While I'm in favour of speeding that up, I think we'd get complaints
if we used a stale value.
Yeah, that scares me too. We'd then be in a situation where (arguably)
any relation extension should force a relcache inval. Not good.
I do not buy Andres' argument that the value is noncritical, either ---
particularly during initial population of a table, where the size could
go from zero to something-significant before autoanalyze gets around
to noticing.
I don't think every extension needs to force a relcache inval. It'd
instead be perfectly reasonable to define a rule that an inval is
triggered whenever crossing a 10% relation size boundary. Which'll lead
to invalidations for the first few pages, but much less frequently
later.
I'm a bit skeptical of the idea of maintaining an accurate relation
size in shared memory, too. AIUI, a lot of the problem we see with
lseek(SEEK_END) has to do with contention inside the kernel for access
to the single-point-of-truth where the file's size is kept. Keeping
our own copy would eliminate kernel-call overhead, which can't hurt,
but it won't improve the contention angle.

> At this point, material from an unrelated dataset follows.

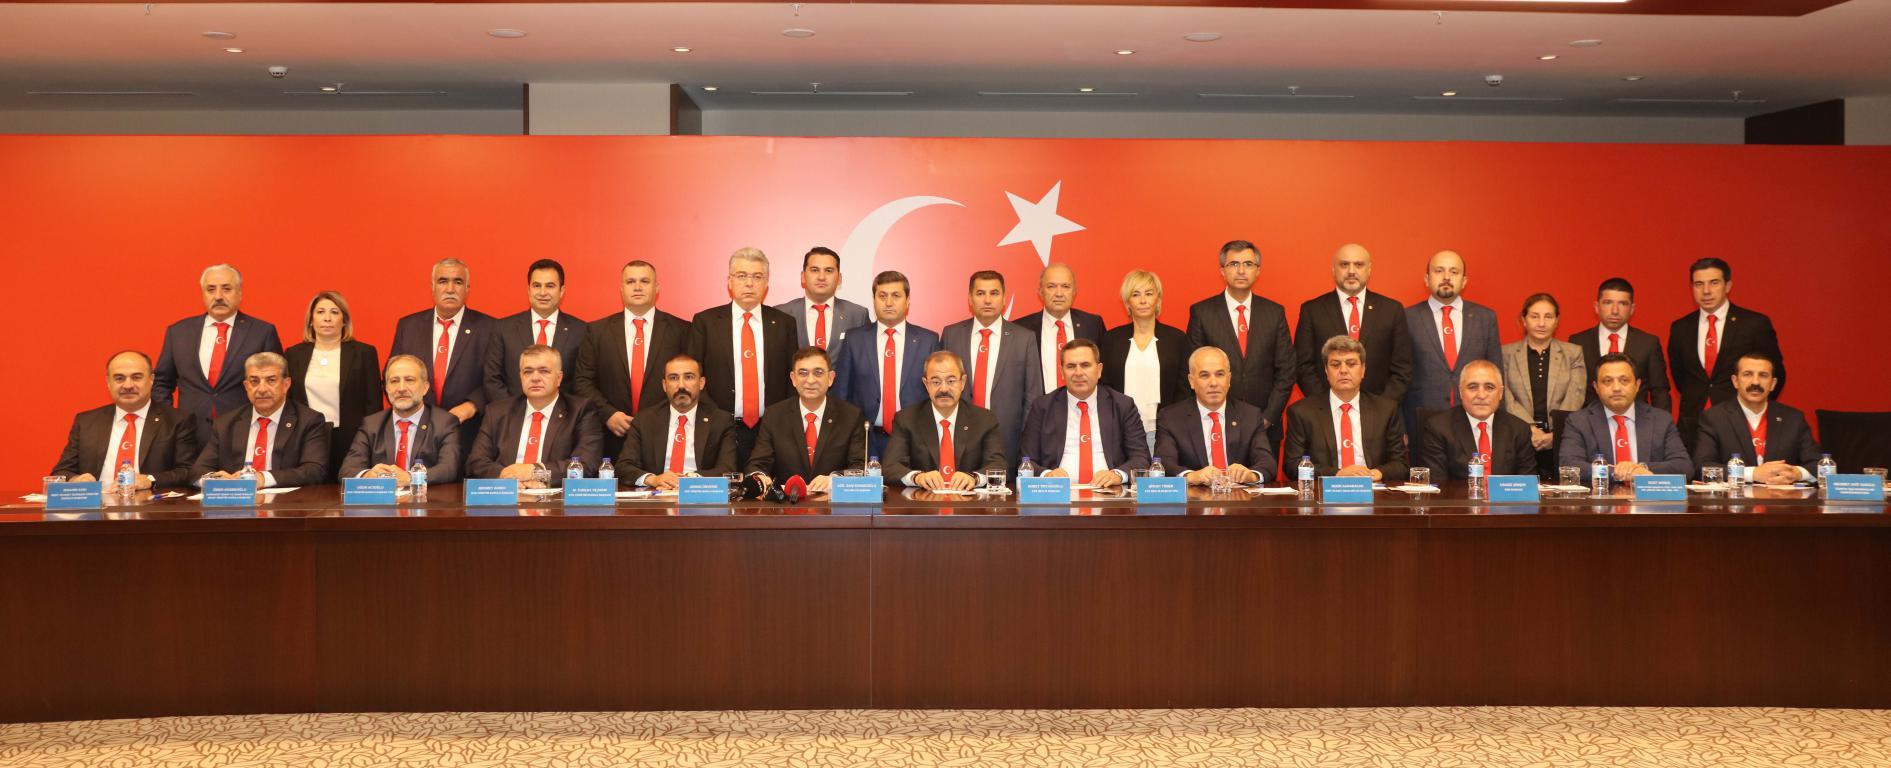 STK'lardan Barış Pınarı Harekatı'na destek için ortak açıklama

A syscall is several hundred instructions. An unlocked read - which'll
be be sufficient in many cases, given that the value can quickly be out
of date anyway - is a few cycles. Even with a barrier you're talking a
few dozen cycles. So I can't see how it'd not improve the contention.
But the main reason for keeping it in shmem is less the lseek avoidance
- although that's nice, context switches aren't great - but to make
relation extension need far less locking.
Greetings,
Andres Freund
I completely agree with Andreas. In my multithreaded Postgres prototype
file description cache (shared by all threads) becomes bottleneck
exactly because of each query execution requires
access to file system (lseek) to provide optimizer estimation of the
relation size, despite to the fact that all database fits in memory.
Well, this is certainly specific of shared descriptor's pool in my
prototype, but the fact the we have to perform lseek at each query
compilation seems to be annoying in any case.
And there is really no problem that cached relation size estimation is
not precise. It really can be invalidated even if relation size is
changed more than some threshold value (1Mb?) or lease time for cached
value is expired.
May be it is reasonable to implement specific invalidation for relation
size esimation, to avoid complete invalidation and reconstruction of
relation description and all dependent objects.
In this case time-based invalidation seems to be the easiest choice to
implement. Repeating lseek each 10 or 1 second seems to have no
noticeable impact on performance and relation size can not dramatically
changed during this time.
--
Konstantin Knizhnik
Postgres Professional: http://www.postgrespro.com
The Russian Postgres Company